**Data extract:**
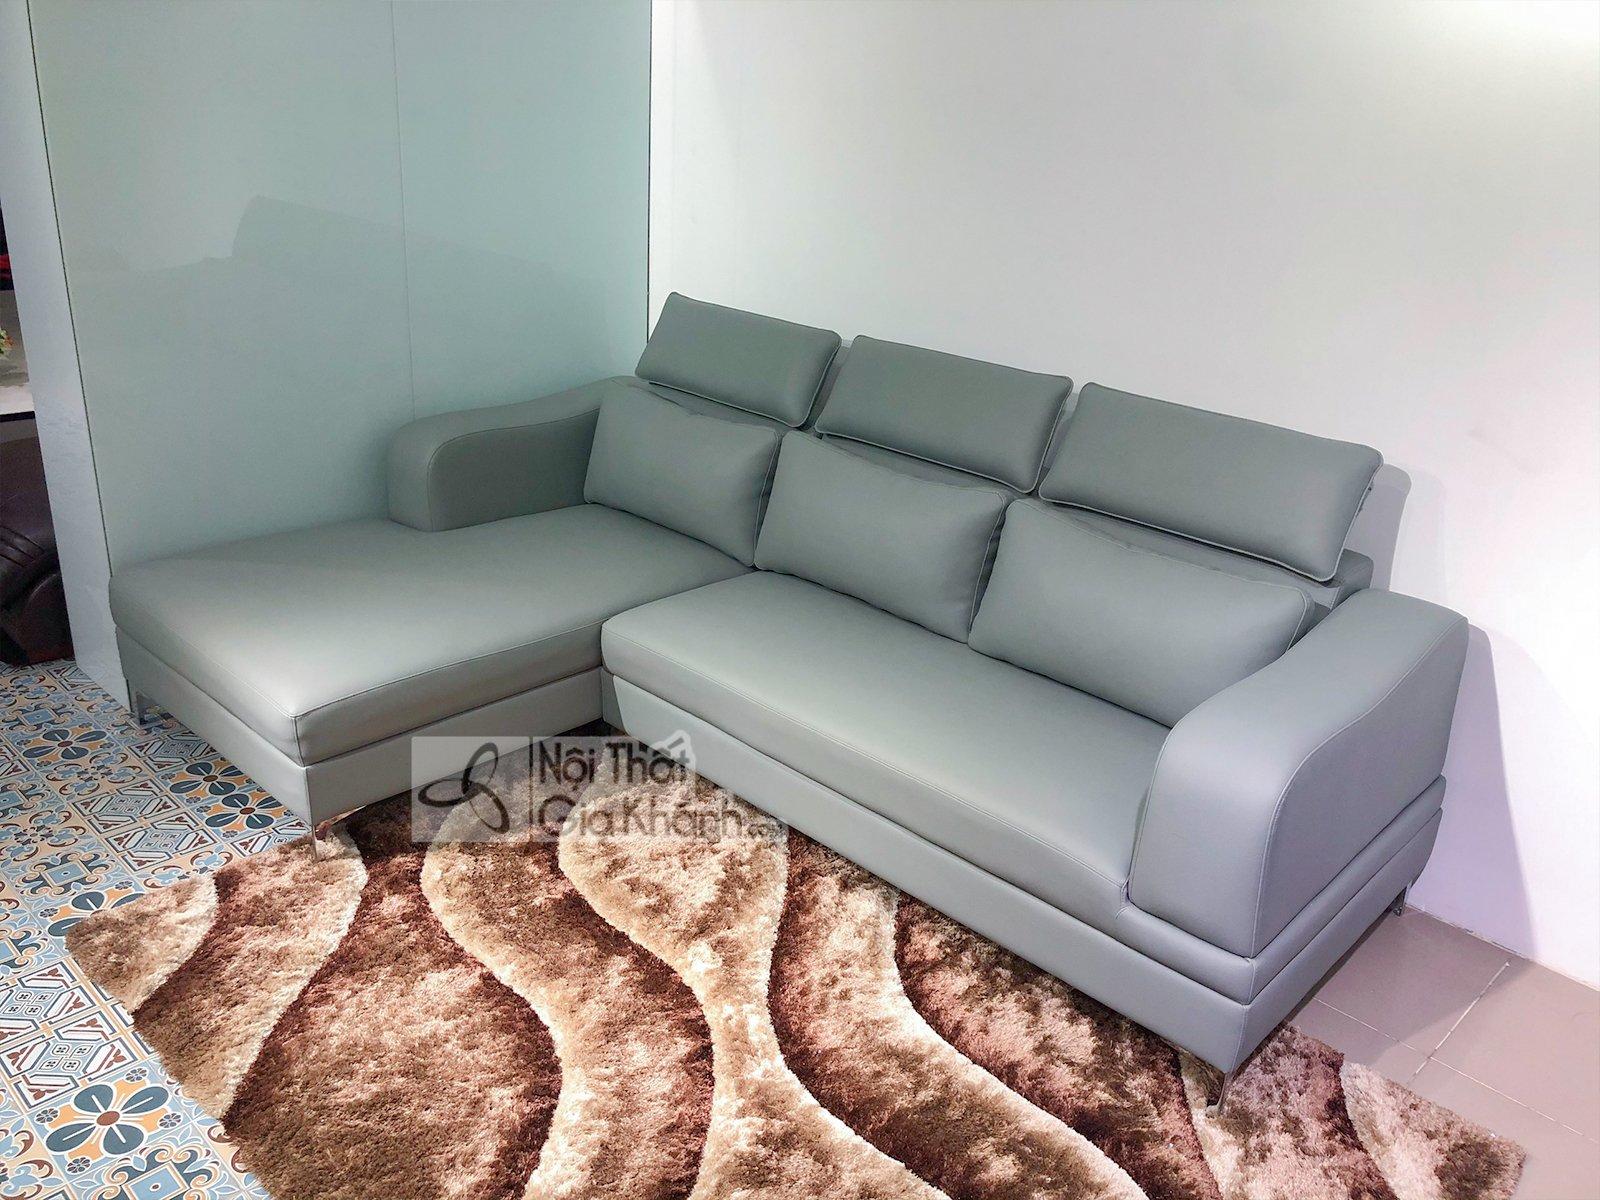 Sofa da đẹp cho phòng khách SP0820-2-G1
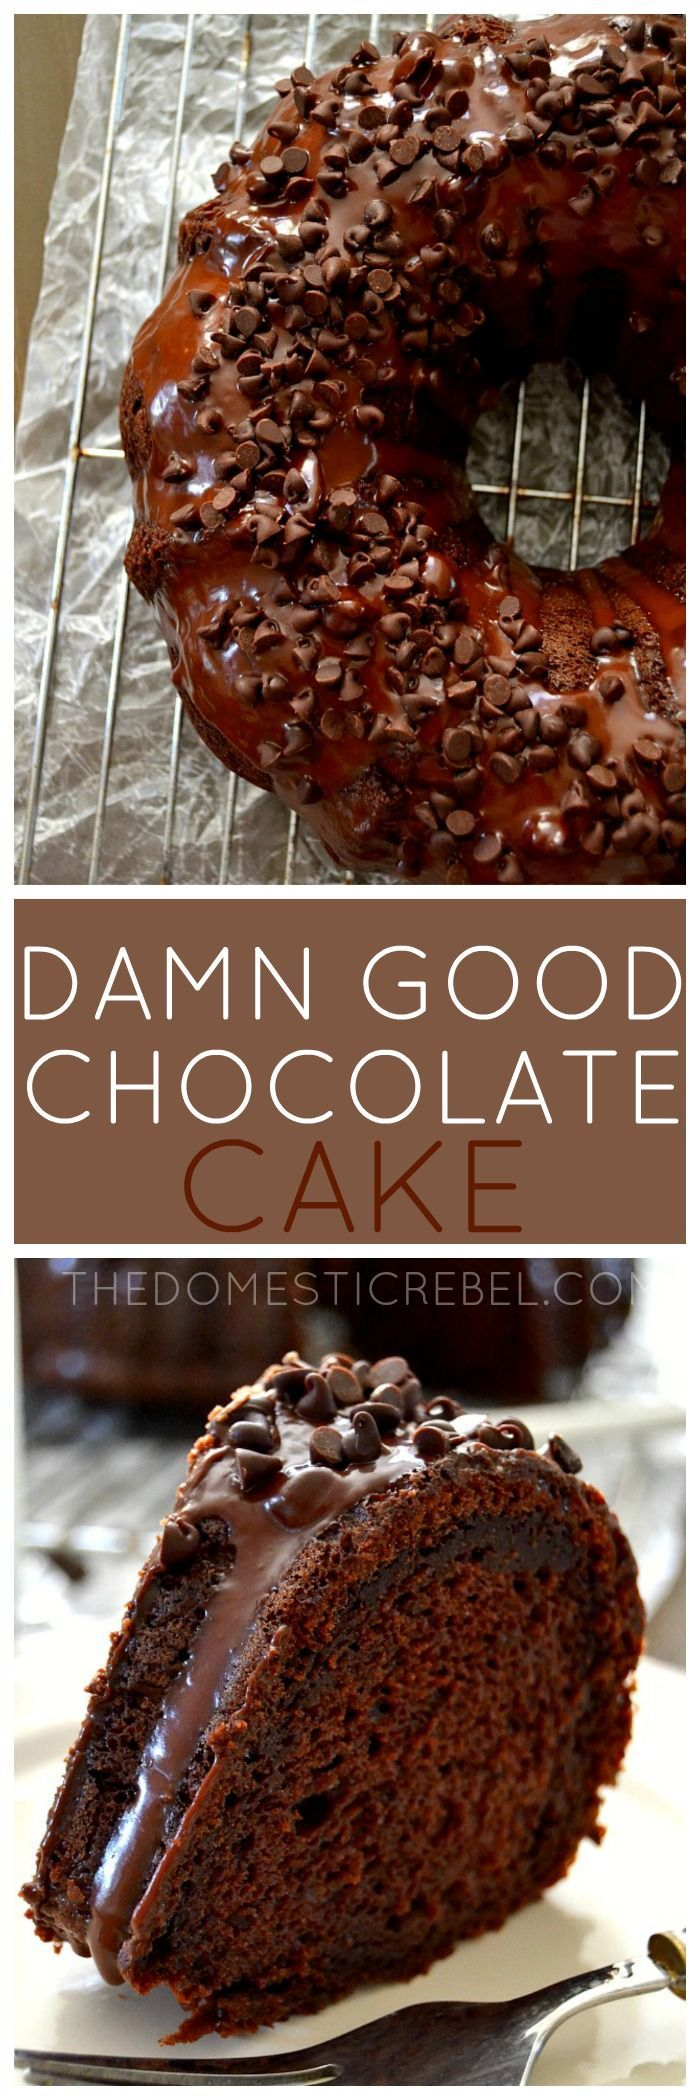 Best 25+ Chocolate cakes ideas on Pinterest   Chocolate cake, Cake recipes and Best cake recipes
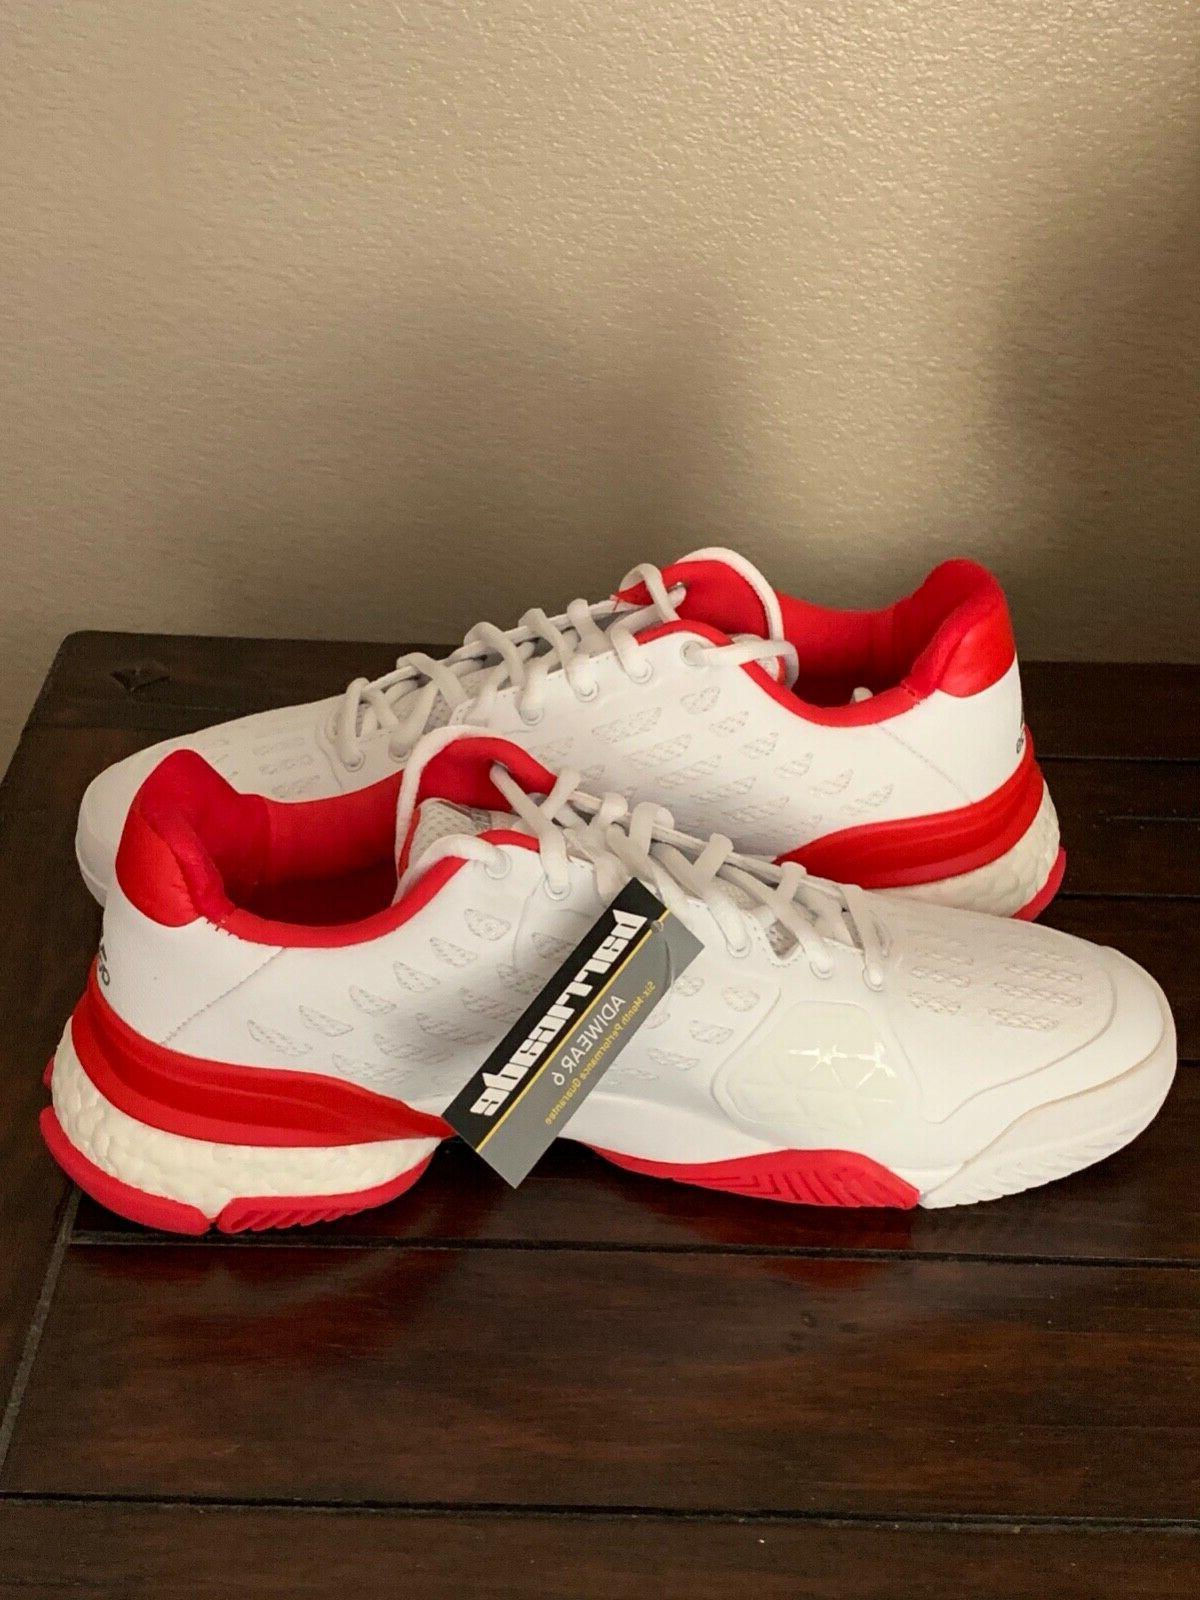 Adidas Barricade Boost Tennis AQ2262 Size

**What is being asked:**
In your copy, leave out the pictures and reproduce the material above exactly.

**Solved exercise:**
 Sofa da đẹp cho phòng khách SP0820-2-G1
 Best 25+ Chocolate cakes ideas on Pinterest   Chocolate cake, Cake recipes and Best cake recipes
 Adidas Barricade Boost Tennis AQ2262 Size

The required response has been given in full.